As much as I’m loving being a new kitty owner, I have to admit that having a kitten is much harder work than I thought it would be. In fact, it’s kind of like having a kid. Well, the kind of kid you can leave at home all day locked in your bedroom with a litter box and a bowl full of kitten chow.
Okay, so maybe it’s nothing like having a kid. But,whatever, just humor me.
10 Ways Having a Kitten is Kind of Like Having a Kid (Or “Why I Should Really Never Have Kids Because I, Seriously, Can’t Even Handle a Kitten.”)
1. All conversations lead to kitten.Almost every single conversation I’ve had this week — both in-person and on-line — has been about my cat.
Even if the conversation started on a non-cat related topic, I somehow end up talking about my cat by the end of it.
And, well, it’s possible I had an hour-long phone conversation with my parents about my cat this weekend. I should probably just go ahead and buy them this sign:
2. Oh, and while I’m talking about my cat, let me just show you a billion photos of her on my phone, okay?Because, seriously, who doesn’t want to see a billion photos of THIS SWEET LITTLE KITTY CAT FACE???
3. I’m sleep-deprived.Sure, I don’t have any late night feedings to deal with.
But I do have plenty of late night human-jumpings. And late night duvet-attackings. And late night ear-yowlings
Granted, I can deal with all of these late night annoyances by shoving her off the bed and on to the floor or locking her in the bathroom .
I hear you’re not supposed to do that with babies.
4. I’ve spent more money on her this week than I’ve spent on myself.Things I’ve bought for my cat this past week:
– A cheap “emergency” litter box bought the night I found her.
– A ridiculously overpriced litter box with built-in odor control, a swinging kitty door and something called “antimicrobial protection.”
– A little carpet to put in front of the litter box. Also ridiculously overpriced. But it came in the shape of a cat’s head. So that’s worth something, right?
– A super cute pink cat bowl because using a human bowl to serve her food in was just getting embarrassing.
– An assortment of toys, including balls, stuffed animals, and a stick with a feather boa attached to it that looks kind of like something a dominatrix would use.
– Dry food, wet food, a water bowl and some litter.Things I bought for myself this week:
– A mini bottle of hand lotion.
– A Diet Coke.
5. I care more about her health than I do my own.In the past six months, I have written on my to-do list “Find a doctor and a dentist” approximately a kabillion times. I have yet to do either of those.
Meanwhile, I’ve had George a little over a week and she’s already been to the vet.
And when the vet told me she was healthy, I felt proud. Like I was somehow personally responsible for the regularity of her bowel movements.
6. I regularly have to stop what I’m doing so I can stare at her.But, seriously, who wouldn’t want to stare at this SWEET LITTLE KITTY CAT FACE???
7. I can’t have nice things.Behold my Kindle:
This thing survived China. CHINA.
But it lasted less than one week with the kitten thanks to her tendency to want to attack ALL THE THINGS on my bedside table at least once a night.
8. I’ve started to come home from work early so I can see my cat.Yeah, I know, you guys. I just admitted that on the Internet.

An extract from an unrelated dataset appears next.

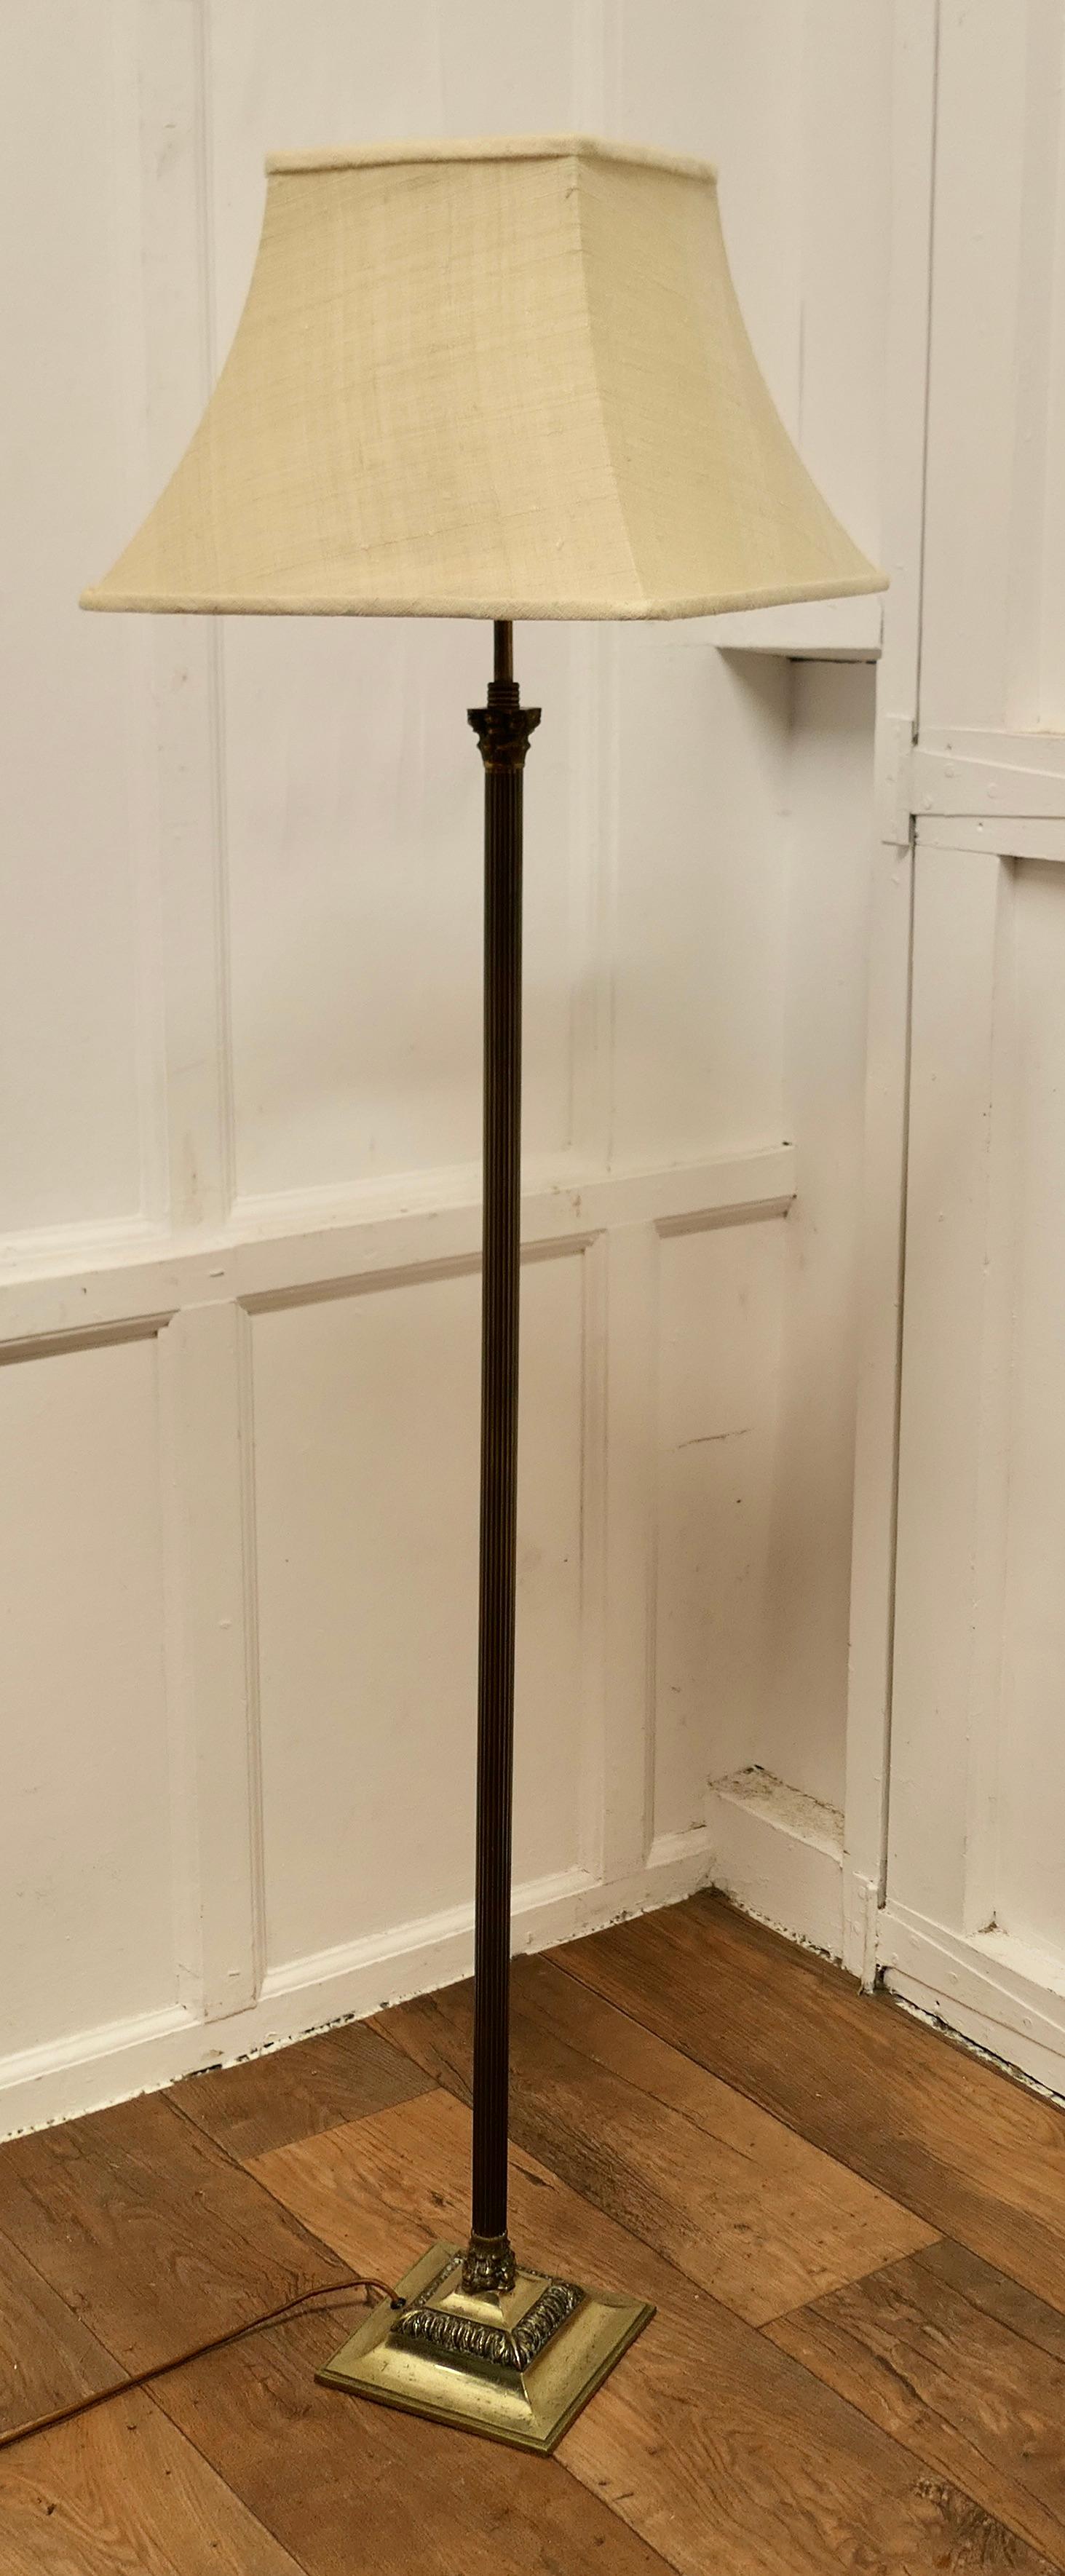 Early 20th Century Dainty Cottage Brass Arts and Crafts Floor Lamp

But, seriously, who wouldn’t want to come home early to stare at THIS SWEET LITTLE KITTY CAT FACE???
9. I’ve already devised a complicated “Not Without My Daughter” scheme to rescue my cat in case her previous owners claim her.When I first found George, I filed a found pet report with animal services because that’s what the Google tells you to do when you search the words “What do I do when I find a stray cat?”
It wasn’t until a day or so afterwards that it dawned on me that there was a possibility that her previous owners might claim her and I’d have to give her back.

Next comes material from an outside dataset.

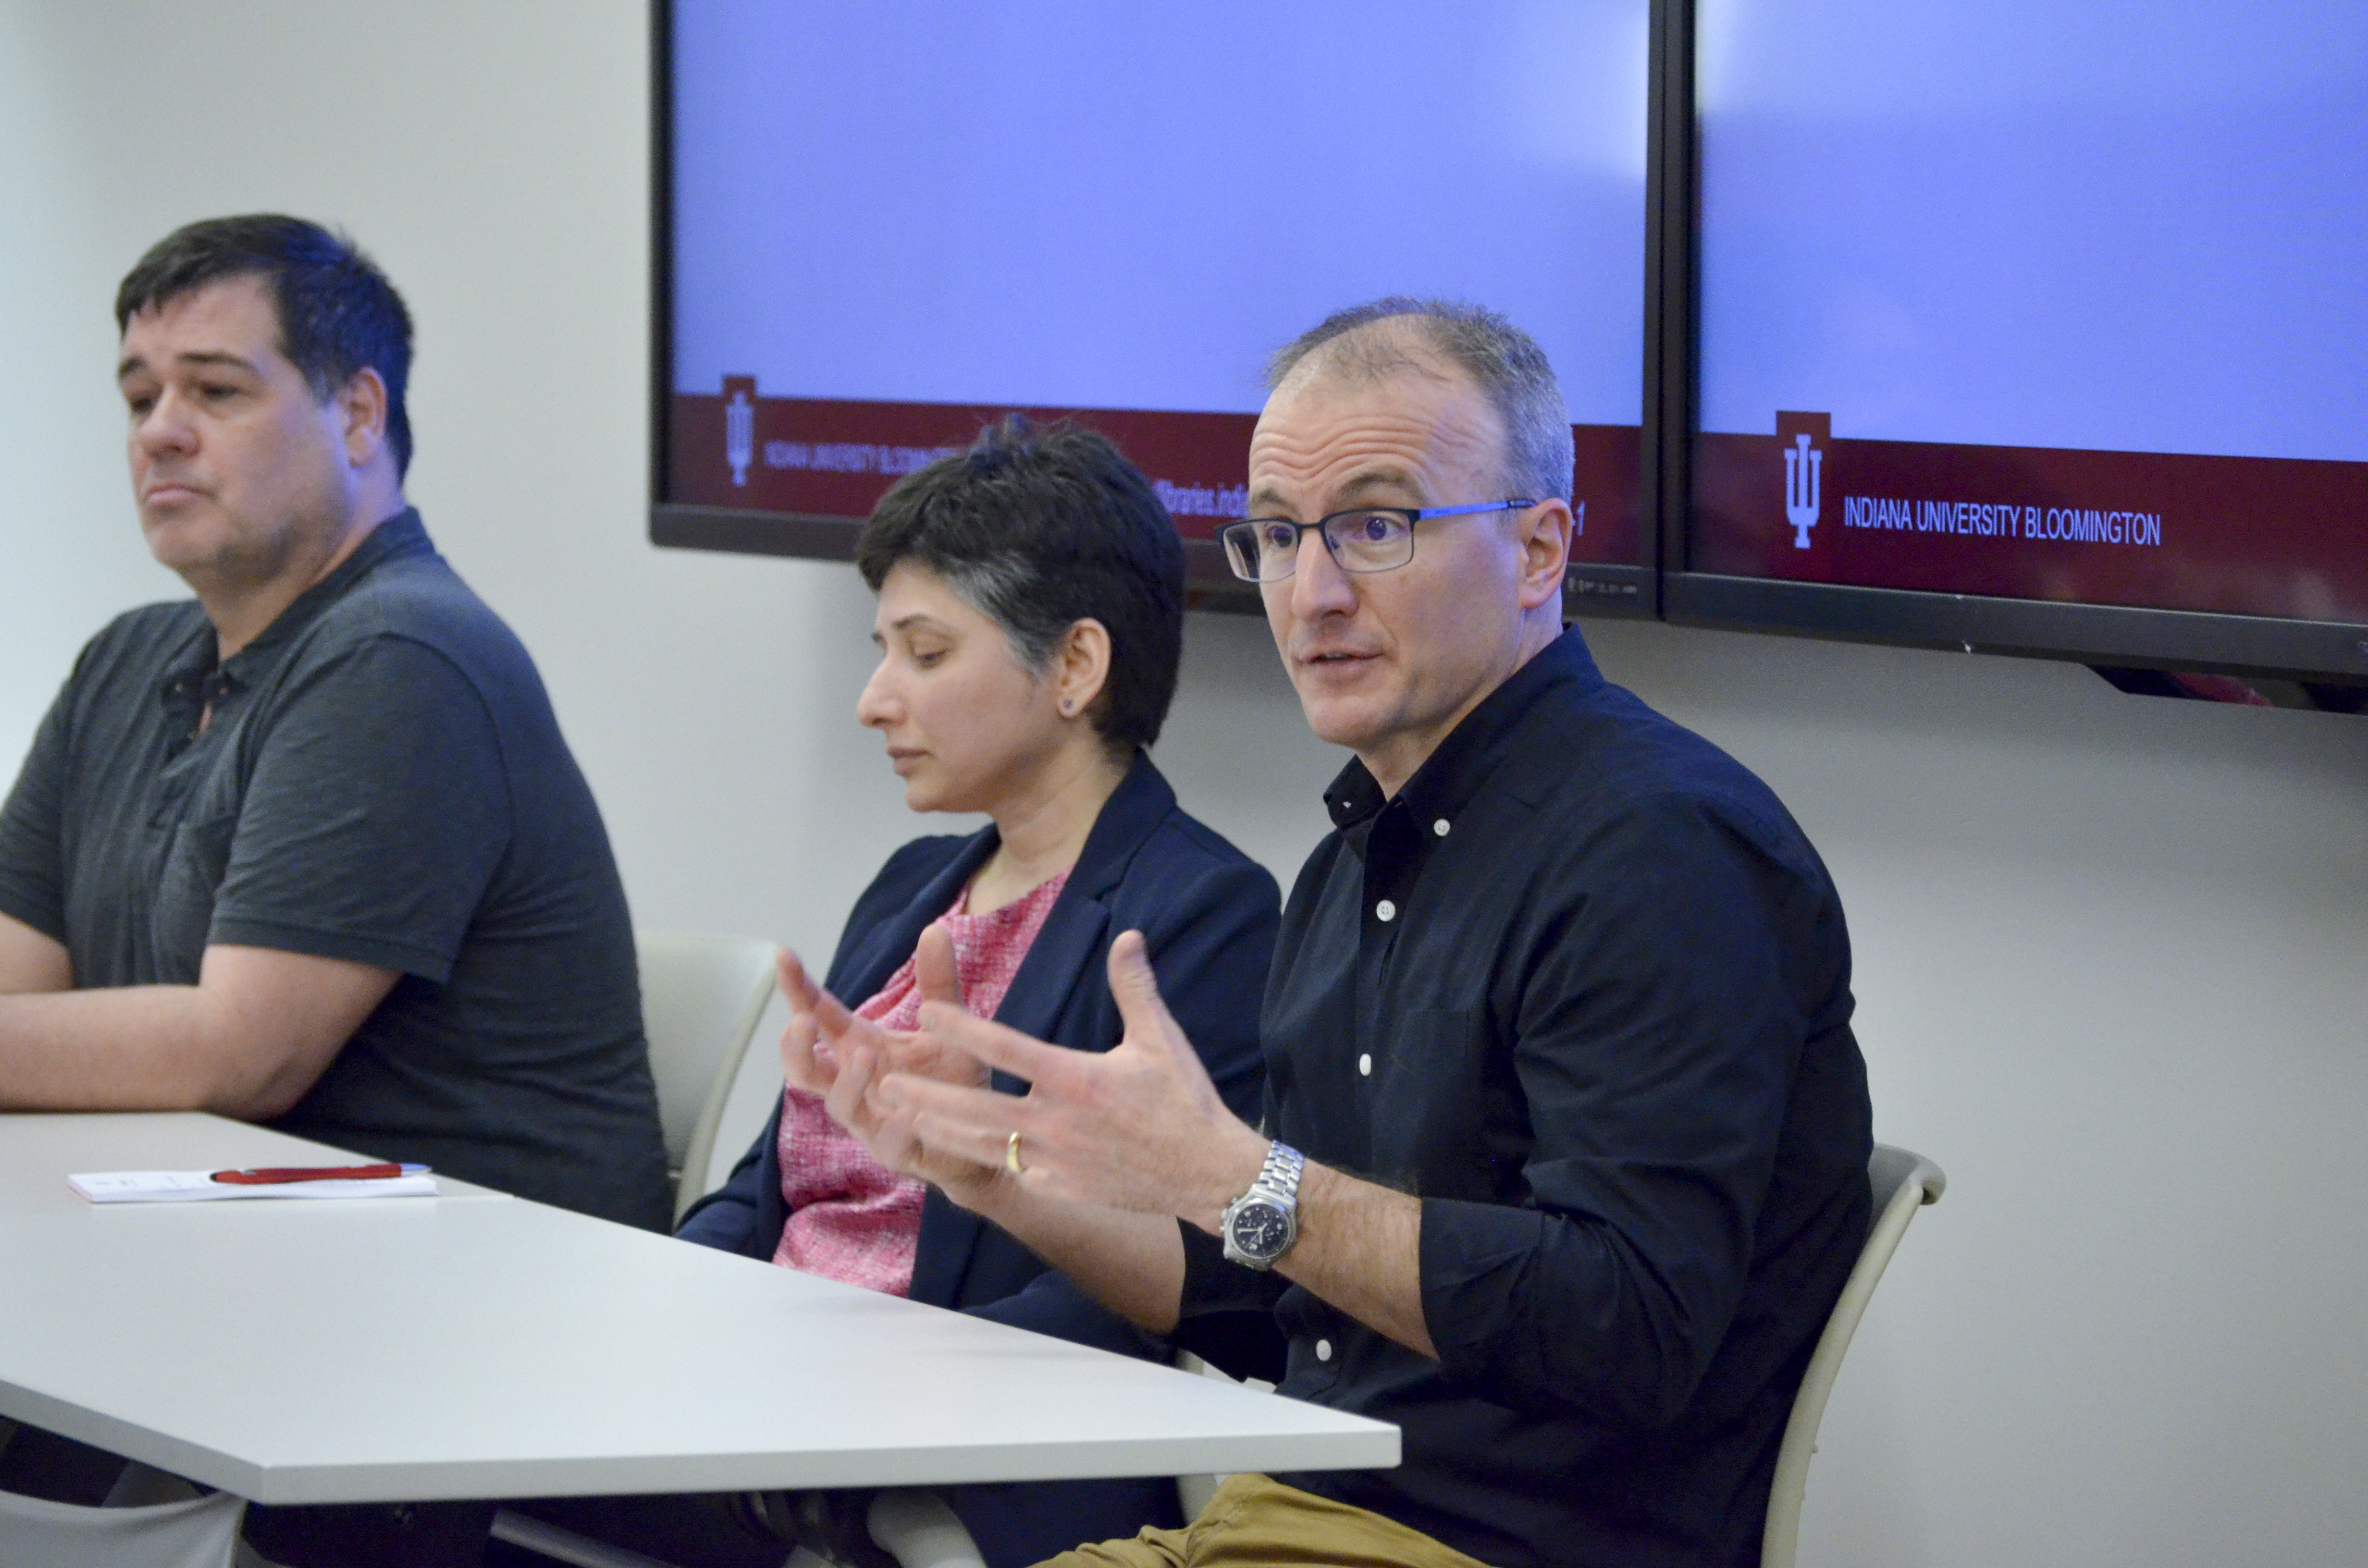 Image of the three fellowship panelists sitting at a table at the front of the room. Rick Hullinger (right) is speaking and gesturing with his hands.

Well, folks, I’m not going to let that happen.
No, sirree. Not on my watch.
If I have to file some reckless kitten-endangerment charge against the previous owners or hide her in my shirt while they search my apartment, so help me God, I will.
(P.S. Don’t tell the authorities I just told you that.)
10. Unconditional love, you guys. It’s a real thing. As are the scratch marks running up and down my legs.One of the reasons I never thought I could have kids was because I didn’t think it would be possible for me to love someone who is basically out to destroy me.
But, yet, here I am, completely and totally in love with a monster.
She tears up my furniture. She breaks my things. She does this thing where she’ll latch her claws in my pant legs to try to crawl up on to my lap. She can yowl louder than any full-sized cat I’ve ever known.
Basically, she’s the worst.
And the best.
And I love her forever and ever and ever amen.
But, seriously, who wouldn’t love THIS SWEET LITTLE KITTY CAT FACE???Do you have pets? Do you have kids? Do you think owning a pet is kind of like having a kid?